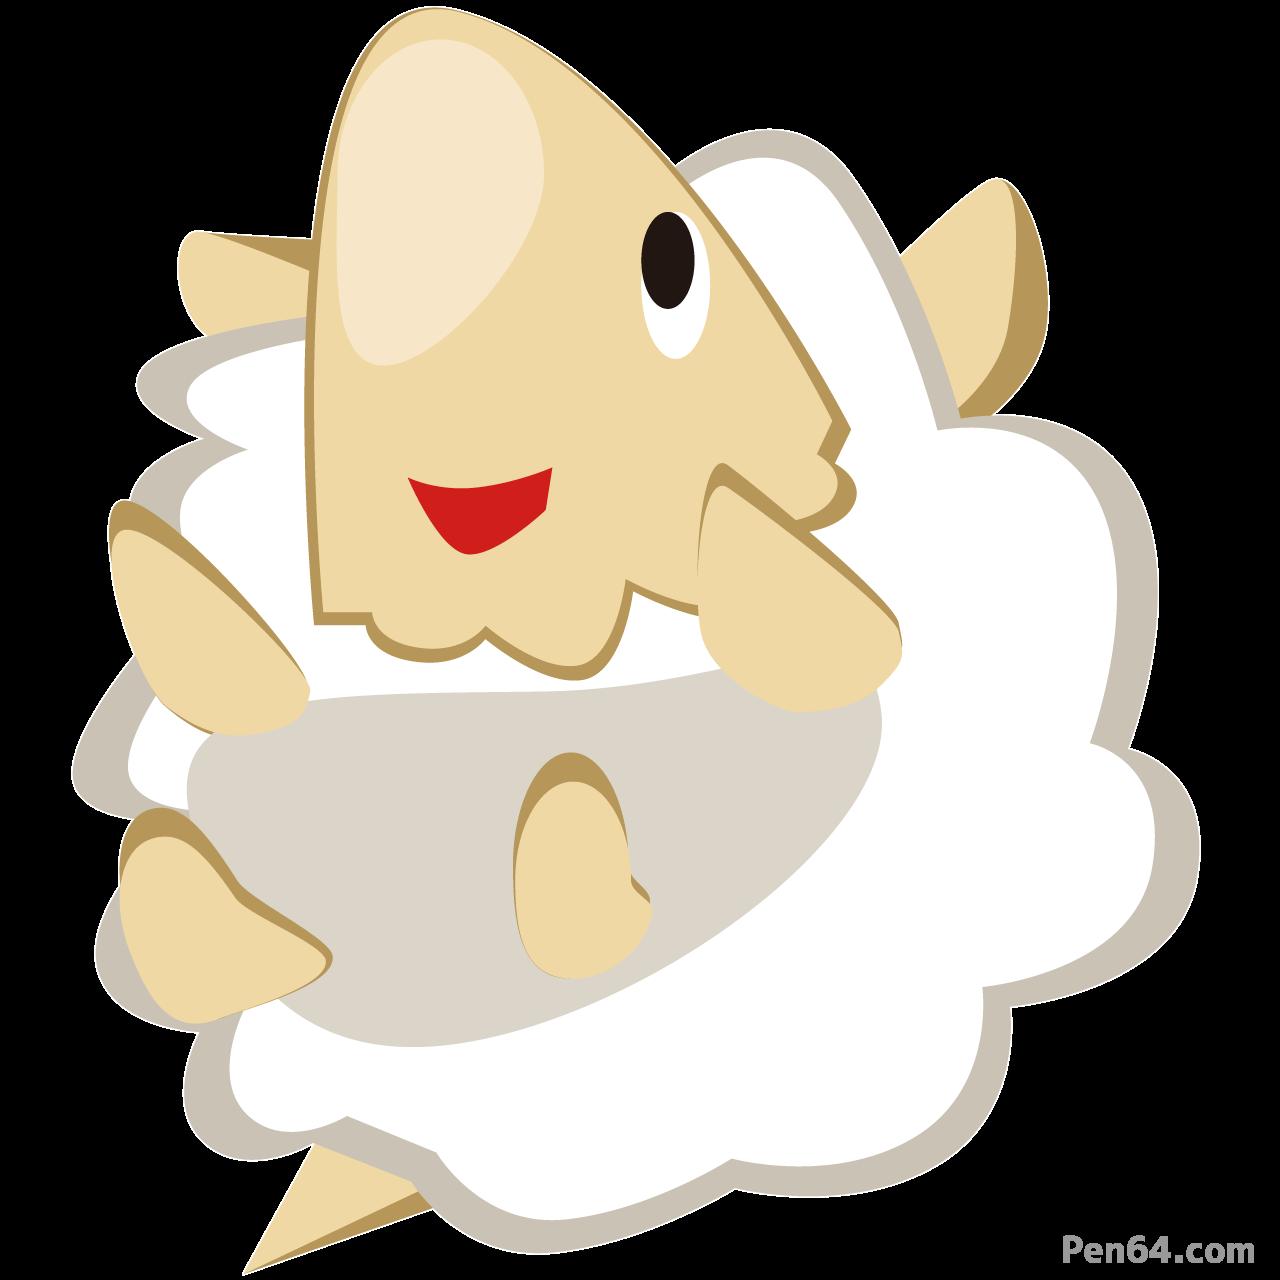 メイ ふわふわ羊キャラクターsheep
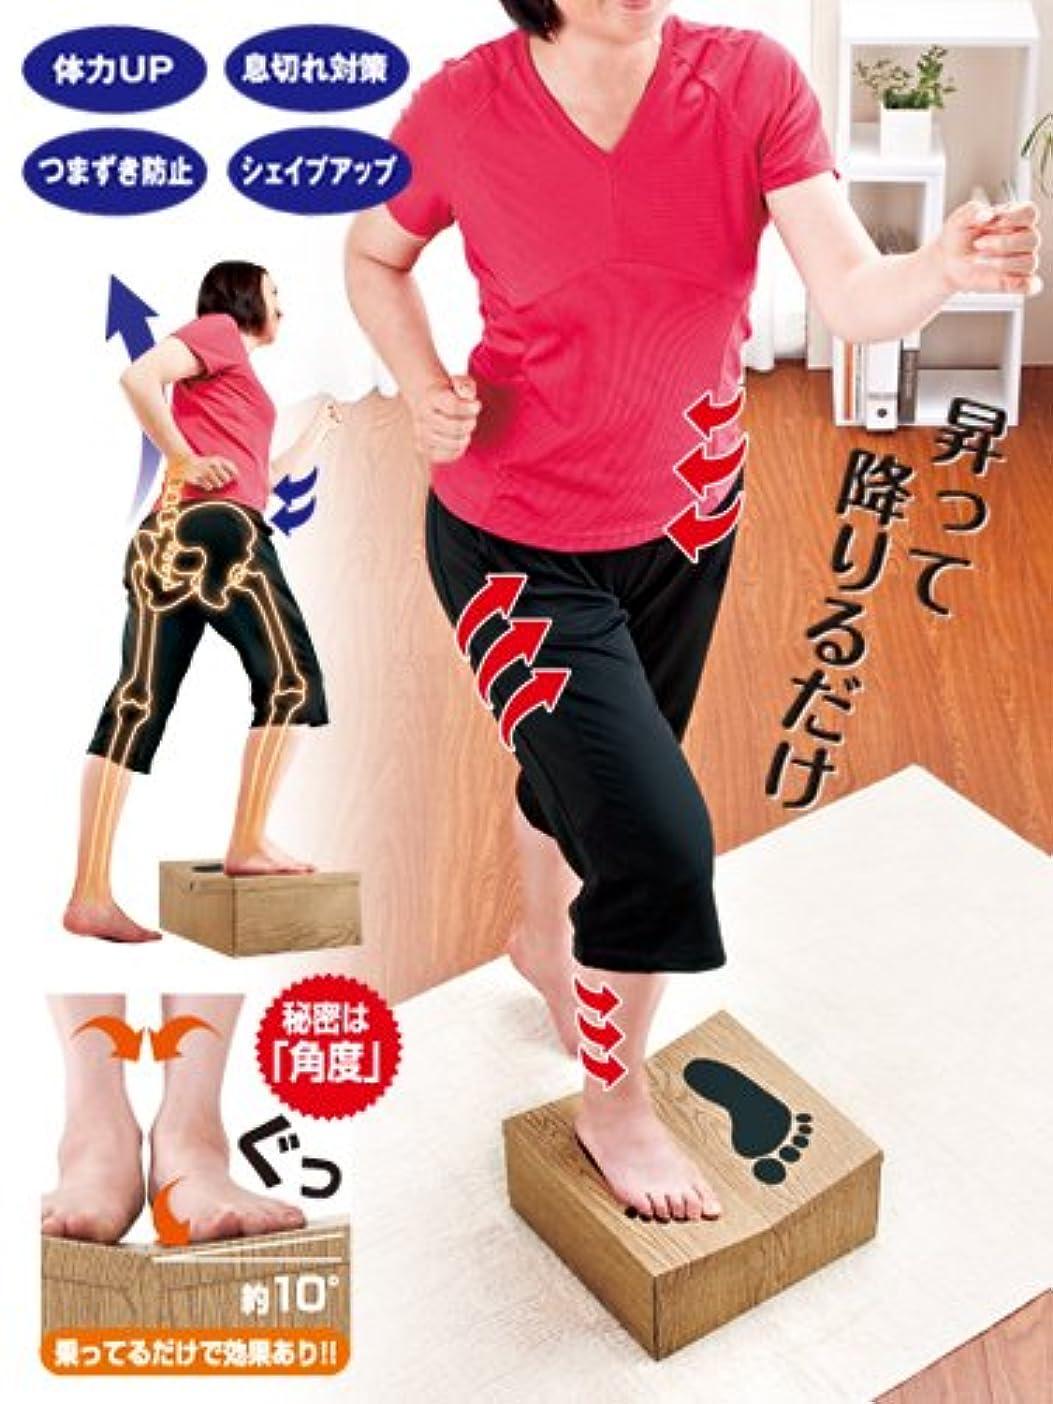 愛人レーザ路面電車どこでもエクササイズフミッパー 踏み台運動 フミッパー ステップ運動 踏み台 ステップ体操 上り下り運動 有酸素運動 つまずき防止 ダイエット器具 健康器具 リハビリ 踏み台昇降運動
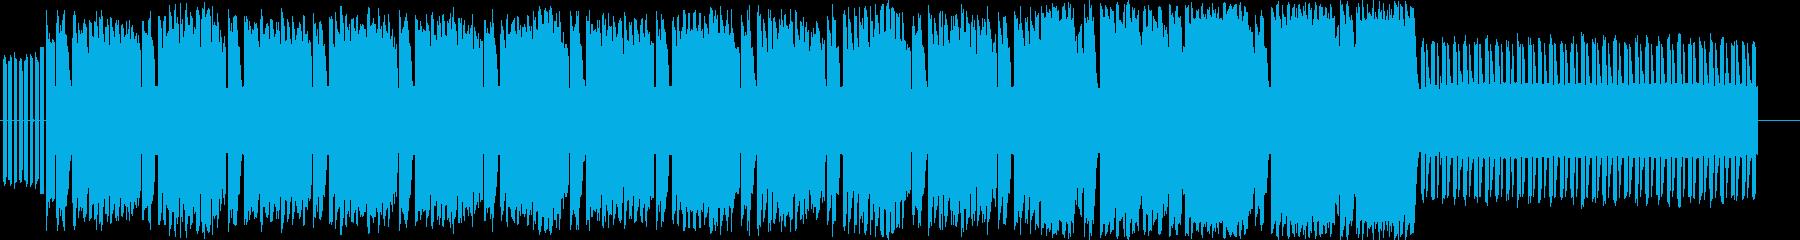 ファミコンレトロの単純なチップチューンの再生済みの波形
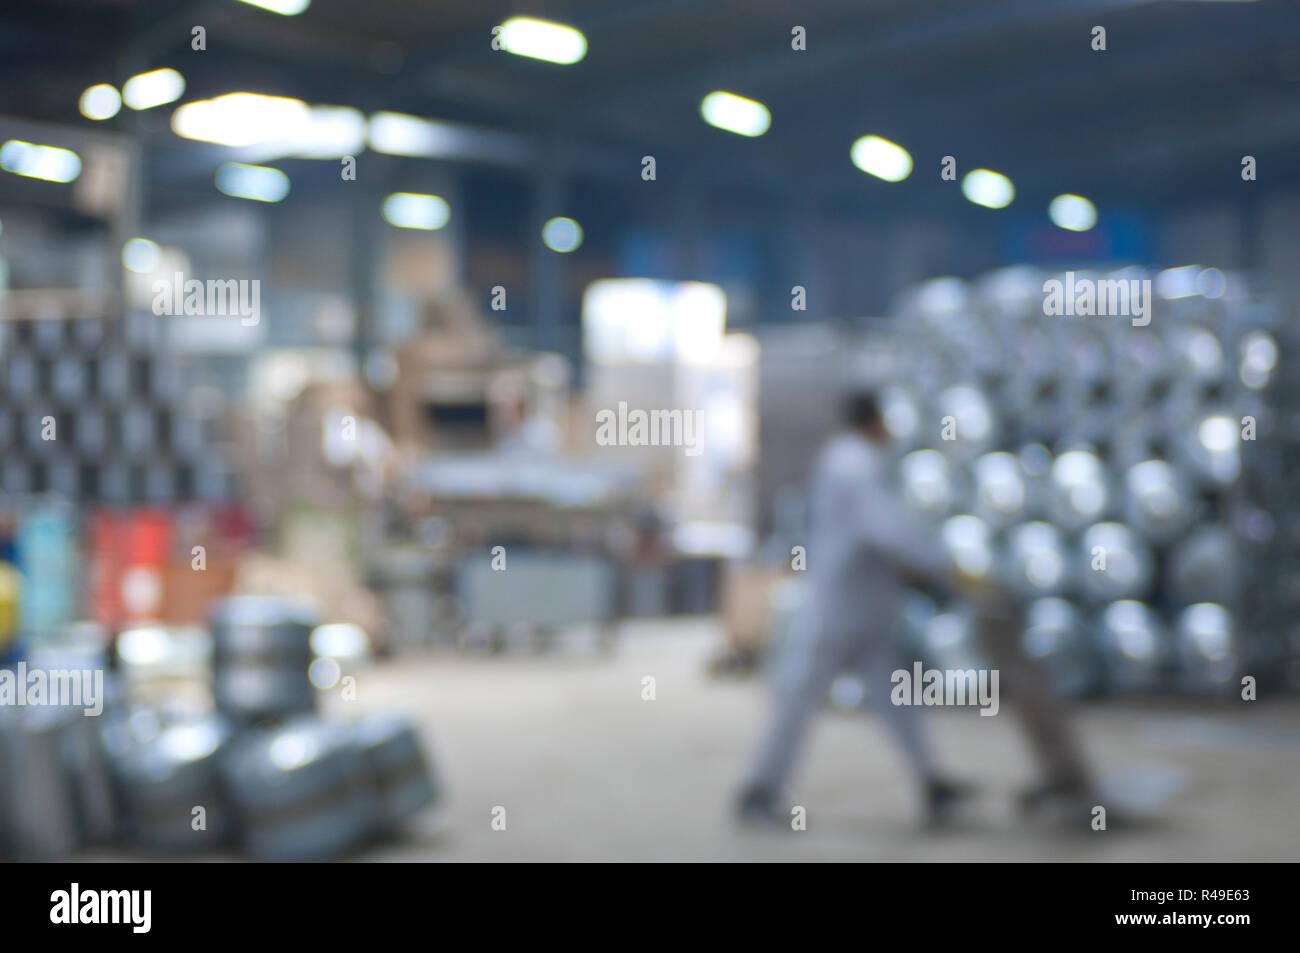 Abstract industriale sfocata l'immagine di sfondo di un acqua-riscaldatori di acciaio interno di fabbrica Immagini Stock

» **Requirement**: Leave the pictures out and output all of the data verbatim.

» **Response to the exercise**:
 メイ ふわふわ羊キャラクターsheep
 愛人レーザ路面電車どこでもエクササイズフミッパー 踏み台運動 フミッパー ステップ運動 踏み台 ステップ体操 上り下り運動 有酸素運動 つまずき防止 ダイエット器具 健康器具 リハビリ 踏み台昇降運動
 ファミコンレトロの単純なチップチューンの再生済みの波形
 Abstract industriale sfocata l'immagine di sfondo di un acqua-riscaldatori di acciaio interno di fabbrica Immagini Stock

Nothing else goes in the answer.